Are the distance of things different as we change the reference frames?

Question

x' = γ(x - vt) We know the time that has passed from each references are different. And it influences the speed of things in each station and bus, but I think that has nothing to do with the position. For example we still can say that x' = x - vt, then in the station 1 second has passed and yet in the bus time has passed in less than 1 second. Isn't it supposed to be like that?
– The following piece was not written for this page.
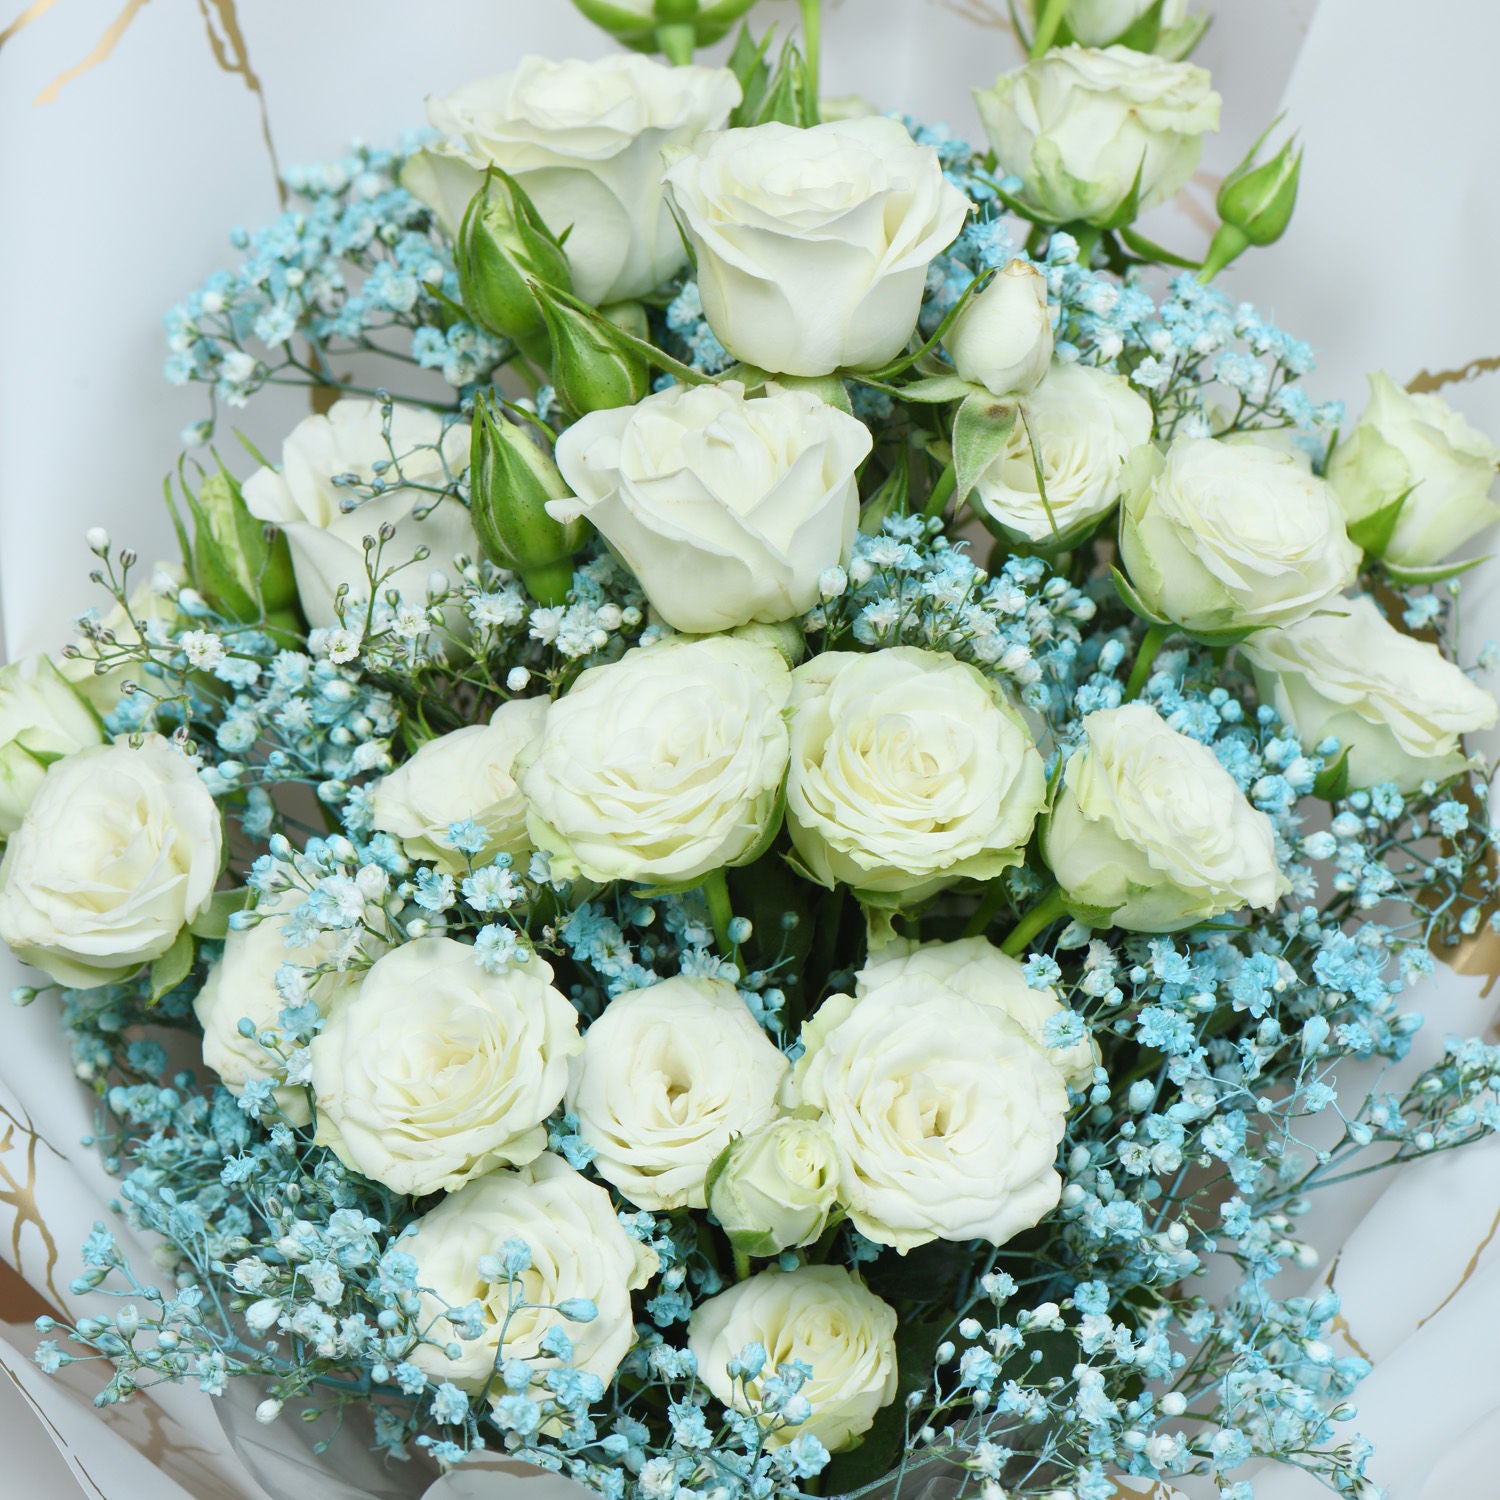 Elegance White Roses Bouquet with Cake
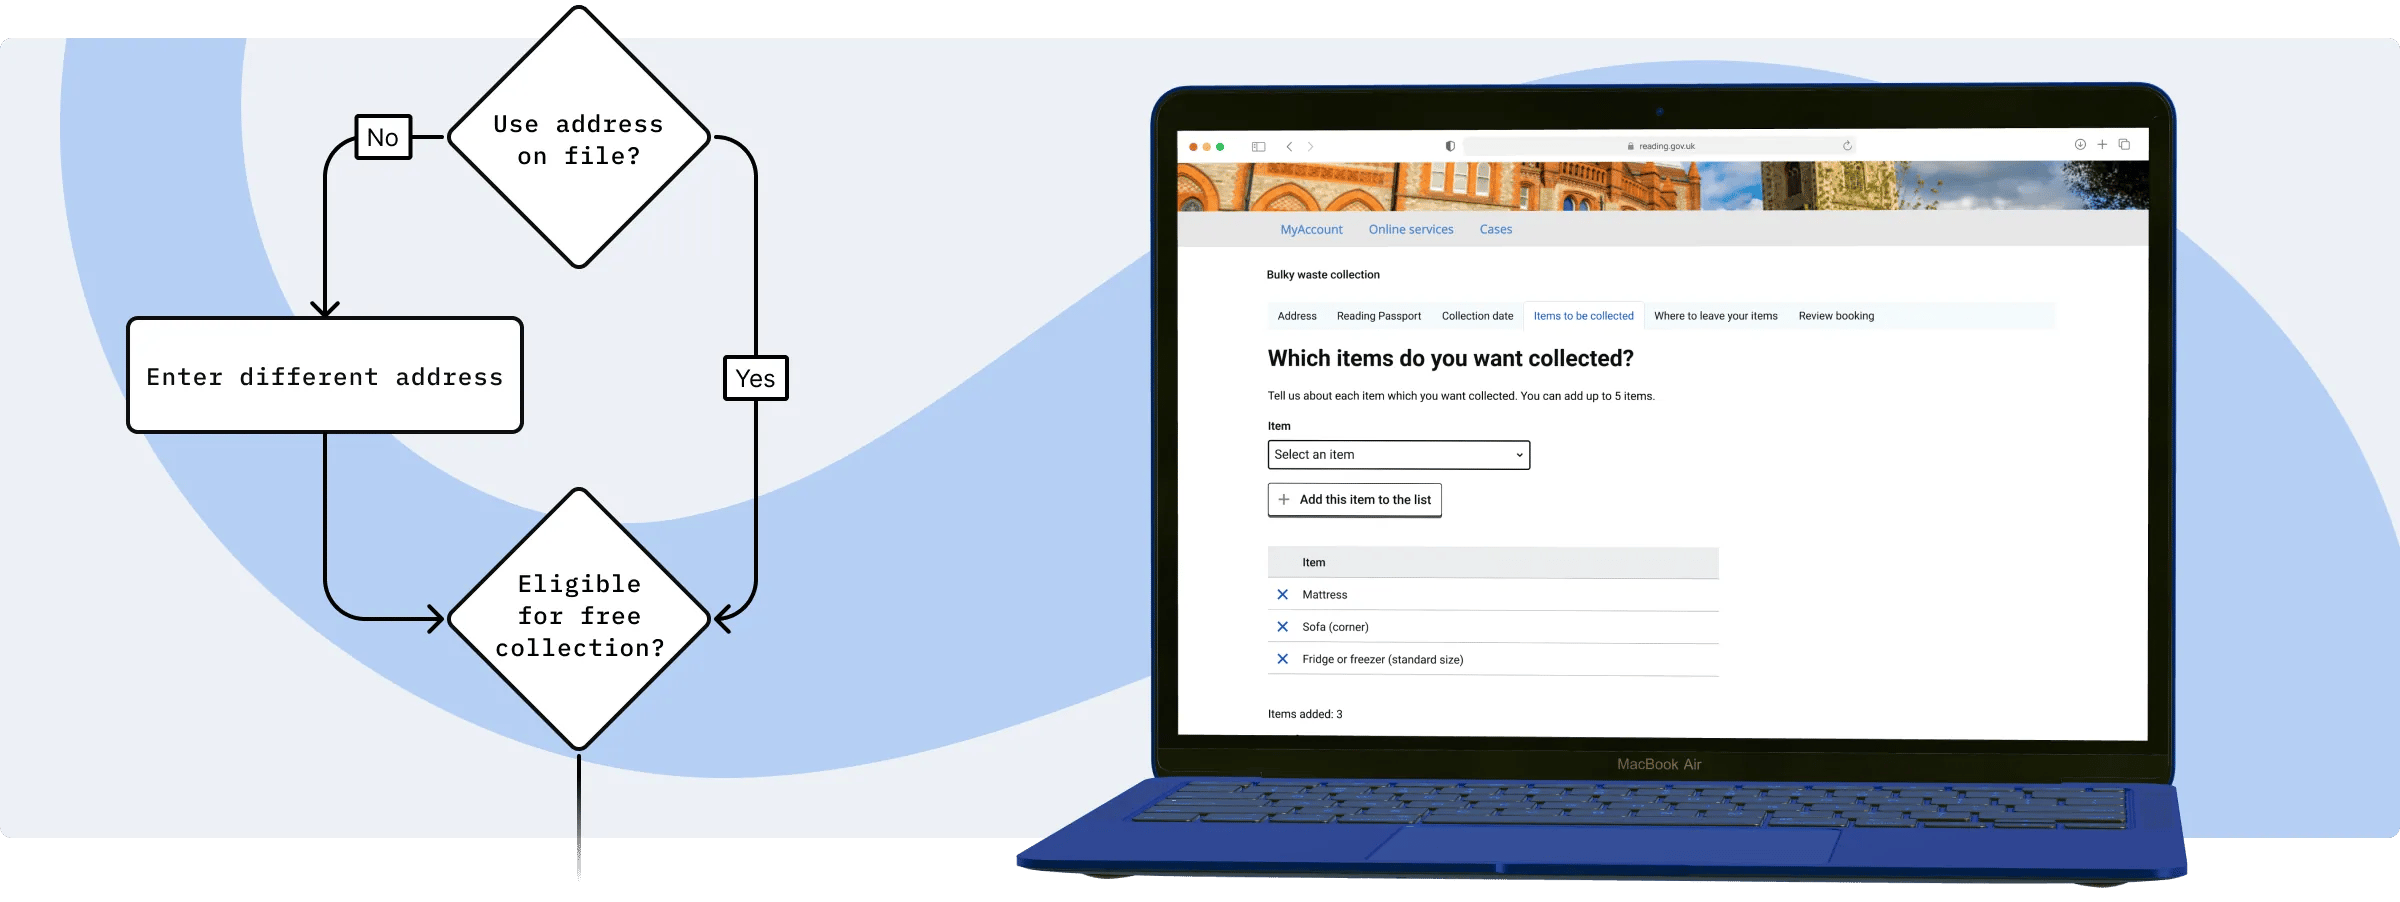 Mockup of the bulky waste collection form

Or let's say, if this world just works like that lorentz-equation. Then based on that equation. Let's say we have 3 objects (A, B, C) which the velocity of A is 0.1c, velocity of B is 0.8c and velocity of C is 0.9c. And imagine if we stop all the time, so there won't be any transformation of energies. Then let's say we are at A and we see the distance of B to C is 1 million years of c. Then while the time still freezing if we change the reference frame to B, based on that equation x'= γ(x-vt) we need to multiply the result by γ. So the distance of B to C won't be 1 million years of c. But γ*(1 millions years of c), whether 0.8 million.. or etc. Does it really work that way? or I misinterpreted something?

Answer 1

Welcome to the site,

The equation I think you are either misreading or was mistyped is probably the special relativity expression for transforming between inertial frames: $$ x' = \gamma(x-vt) $$ where $\gamma = \frac{1}{\sqrt{1-v^2/c^2}}$ is a dimensionless factor (In particular, it does not represent length/distance).

The role of $\gamma$ in the equation is to correctly relate the coordinates of the two inertial frames. Note that in particular for $v \lt\lt c$ , we have $\gamma \approx 1$, and the equation reproduces the Galilean transformation you mentioned $x'=x-vt$. This may give you a feel for why this is a completely sensible expression.

I don't know what is your source, but perhaps if you give it a second look this will make better sense in the context of what you're reading / looking at. Good luck.